Habayit Hayehudi English debate 370 (photo credit: Yehoshua Sigala)
Habayit Hayehudi English debate 370
(photo credit: Yehoshua Sigala)
Habayit Hayehudi will end up with more than 30,000 members after its registration drive that ends on Sunday night, the party’s election committee chairman, Rabbi Daniel Tropper, said in an interview at his Jerusalem office on Wednesday.
Tropper has been legally barred from revealing how many people have already submitted paper forms to join the party, but he said 12,000 people have joined the party online. He expressed confidence that the 28,000 paid members required to break even in covering the cost of the drive will be easily achieved, with the bulk of the membership forms to be submitted on the drive’s final days.

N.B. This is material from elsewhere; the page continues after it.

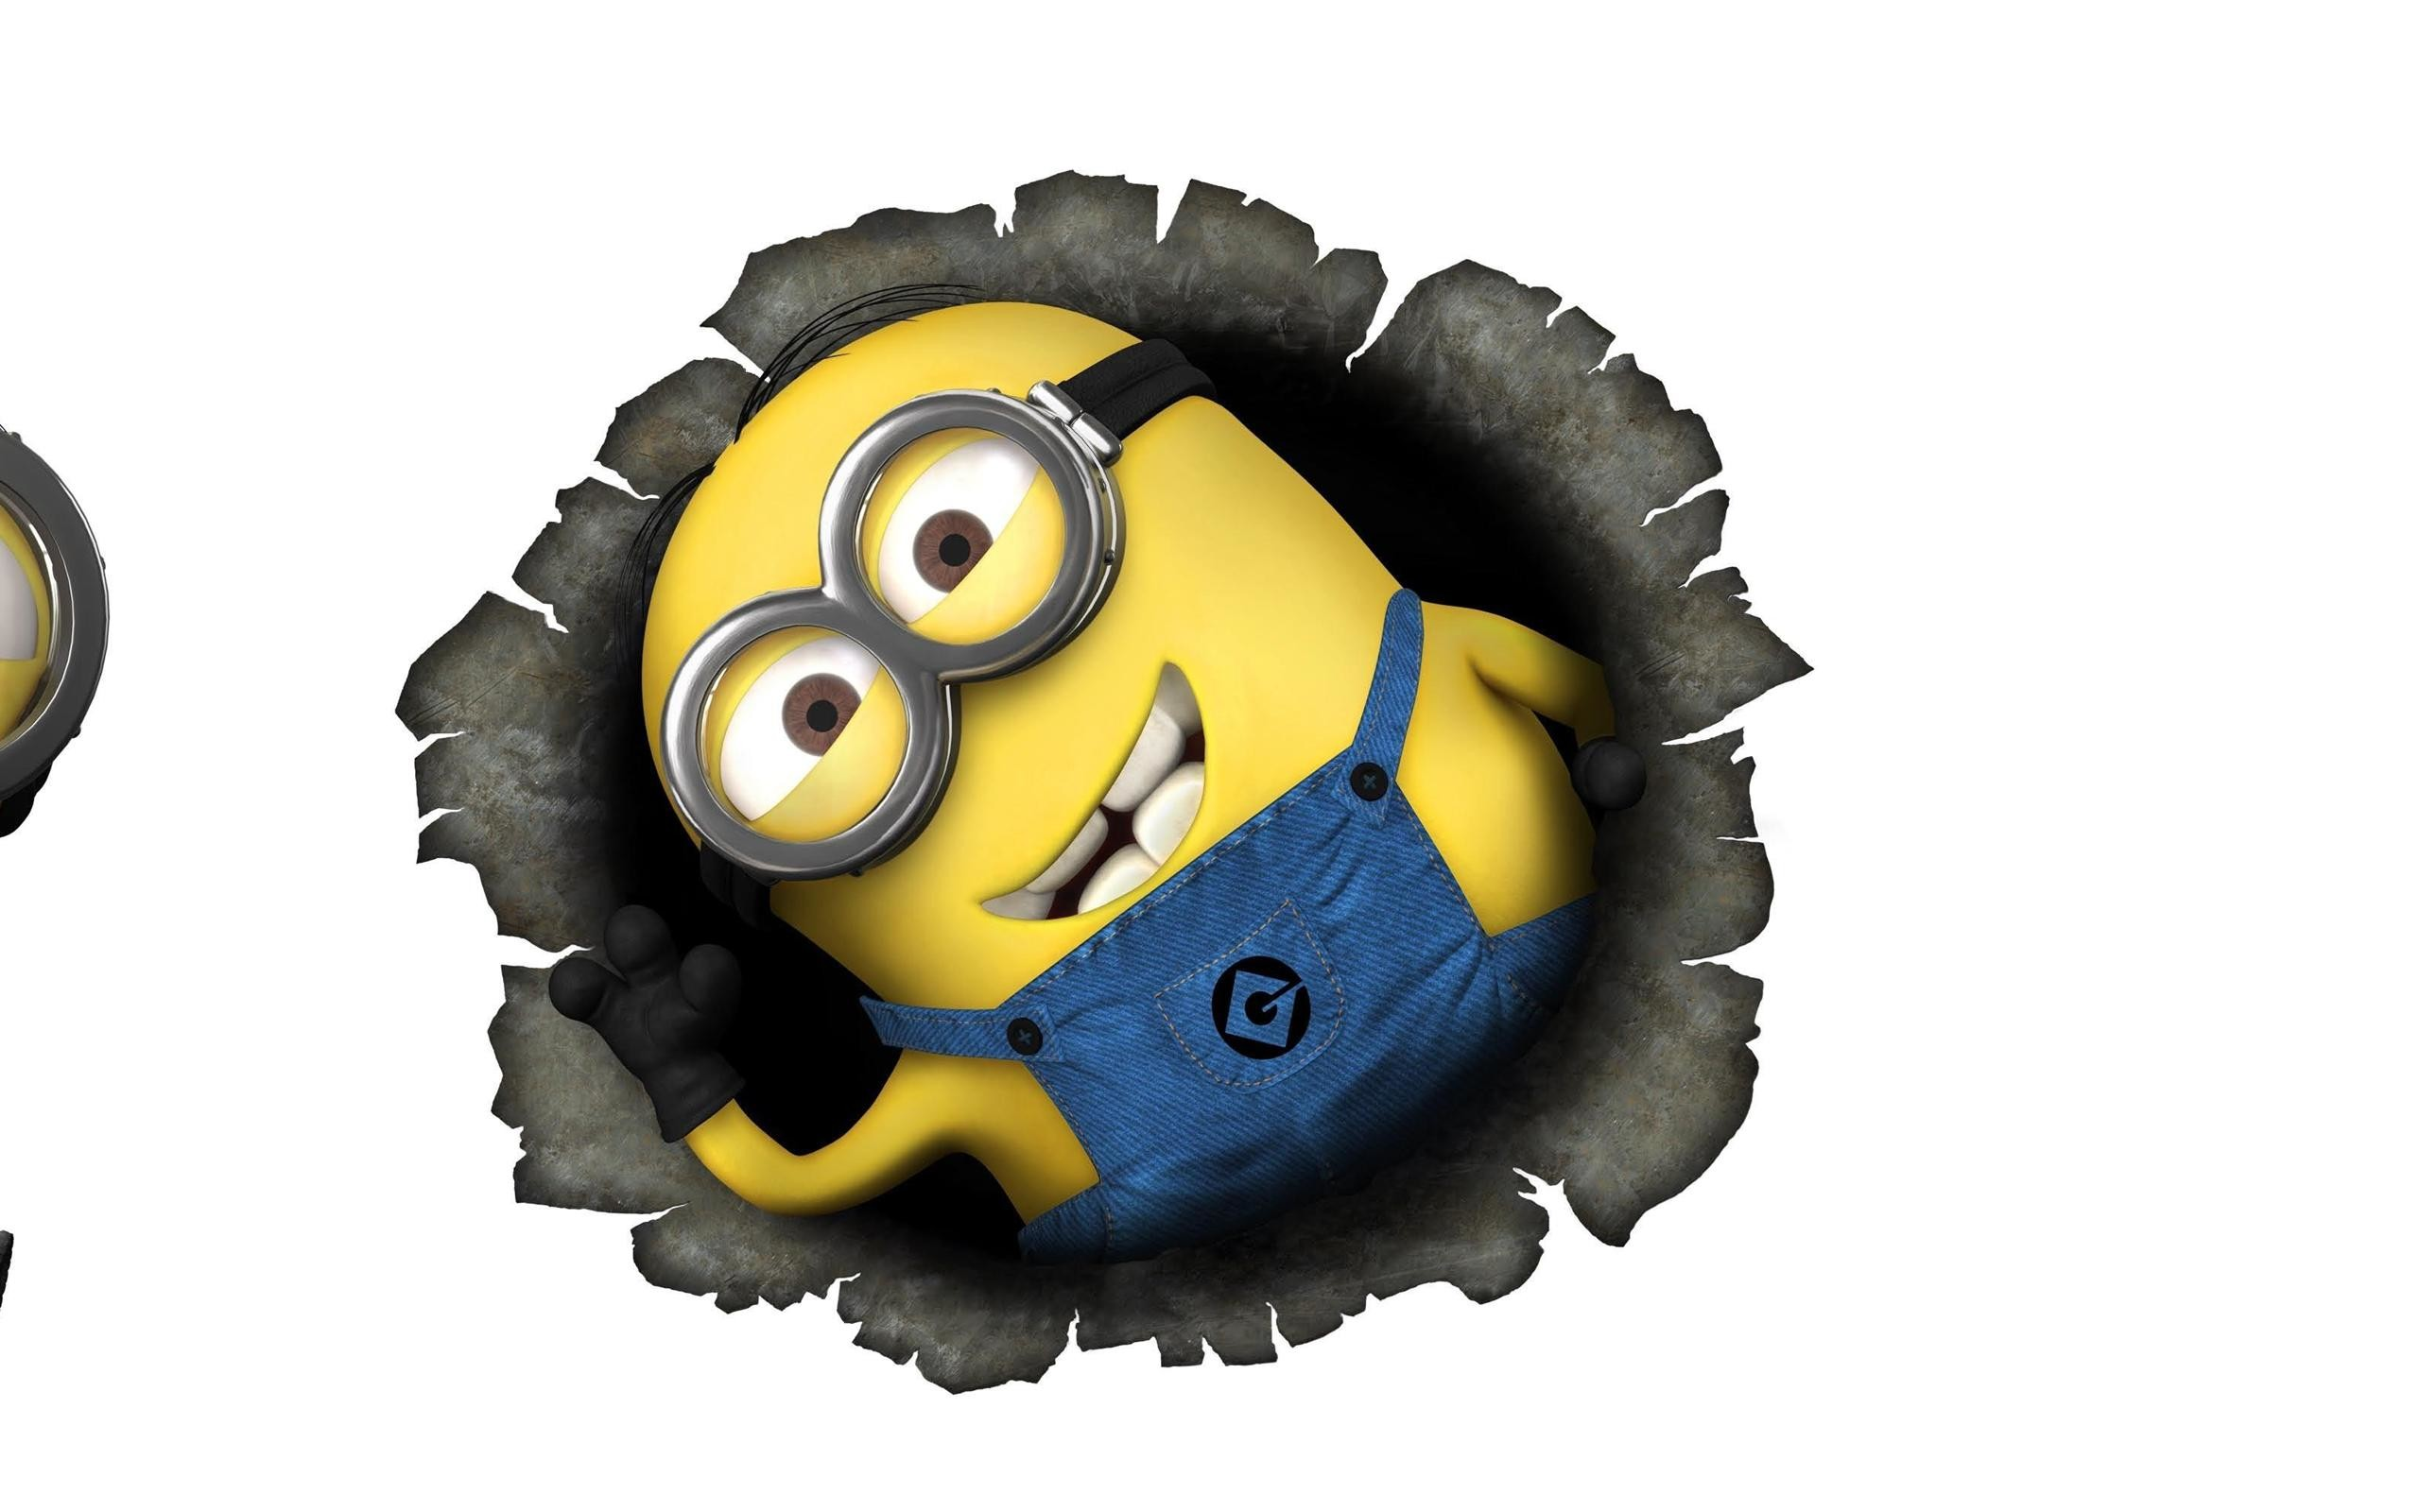 Dave Minions: Descargar esta imagen de los Minions para convertirla en .
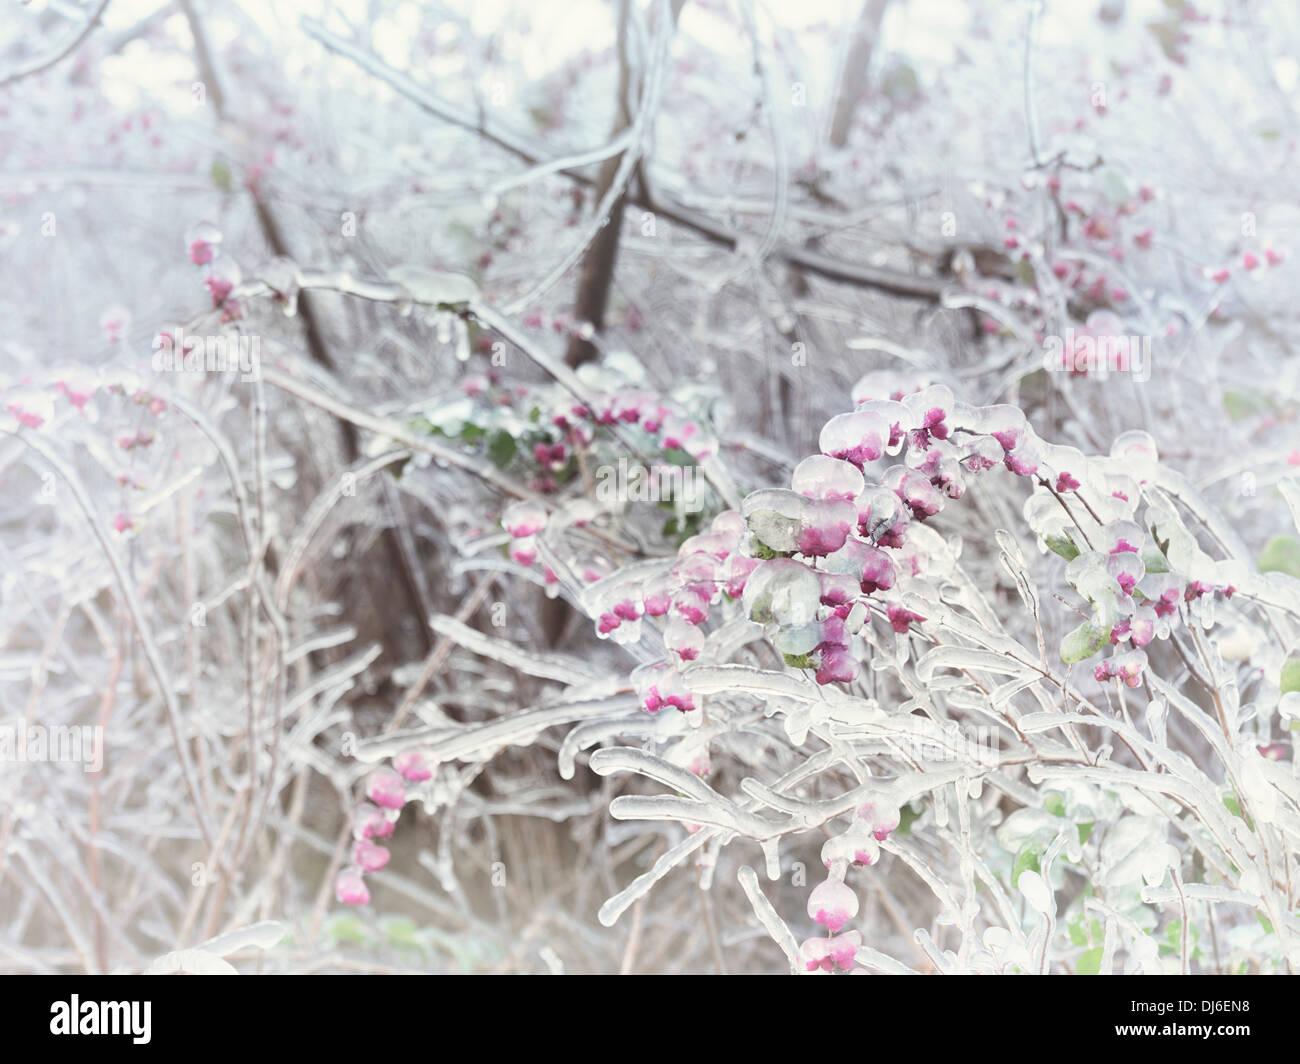 Bedeckt mit Eis Strauch Zweige und Beeren, abstrakte Nahaufnahme Natur Landschaft gefroren Stockfoto

“The boxes are starting to come in,” Tropper said. “On Sunday I predict a tremendous load. I think the drive is very honest as a whole, but we’ll always have a certain percentage of foilishtik [monkey business].
Sunday at midnight, the registration ends and the primary begins.”
Tropper claims credit for the decision to initiate the first ever primary and membership drive in a religious-Zionist party, which in the past all chose their leadership and Knesset candidates list in central committees and smaller internal party forums. To minimize corruption, he recommended prohibiting paying membership fees in cash.
The membership drive and the primary have been credited with reinvigorating the party, which fell from 12 seats at its peak (in 1959-65, 1969-74 and 1977-81 when it was called the National Religious Party) to only three in the 2009 election.
It persuaded well-know religious-Zionist figures to run for Knesset, which they could not have done when the list was decided behind closed doors.
“The primary succeeded in igniting the young people,” he said. “Reserving slots on the list for a young person and a woman also created a tremendous stir. What was supposed to be technical ended up in the reawakening of the religious Zionist world. Young people had lost interest in the NRP and went in all kinds of directions and now I think we could get 10 seats.”
Tropper knows that after the November 6 three-way leadership race, he will face another task: keeping the two candidates who lost the contest – and the thousands of members they registered – in the party.
“I want it to be like US elections, where the loser supports the leader,” the New York native said. “I will do my best to create the best possible list to attract voters. For that, we need unity and diversity, and I think we will have that.”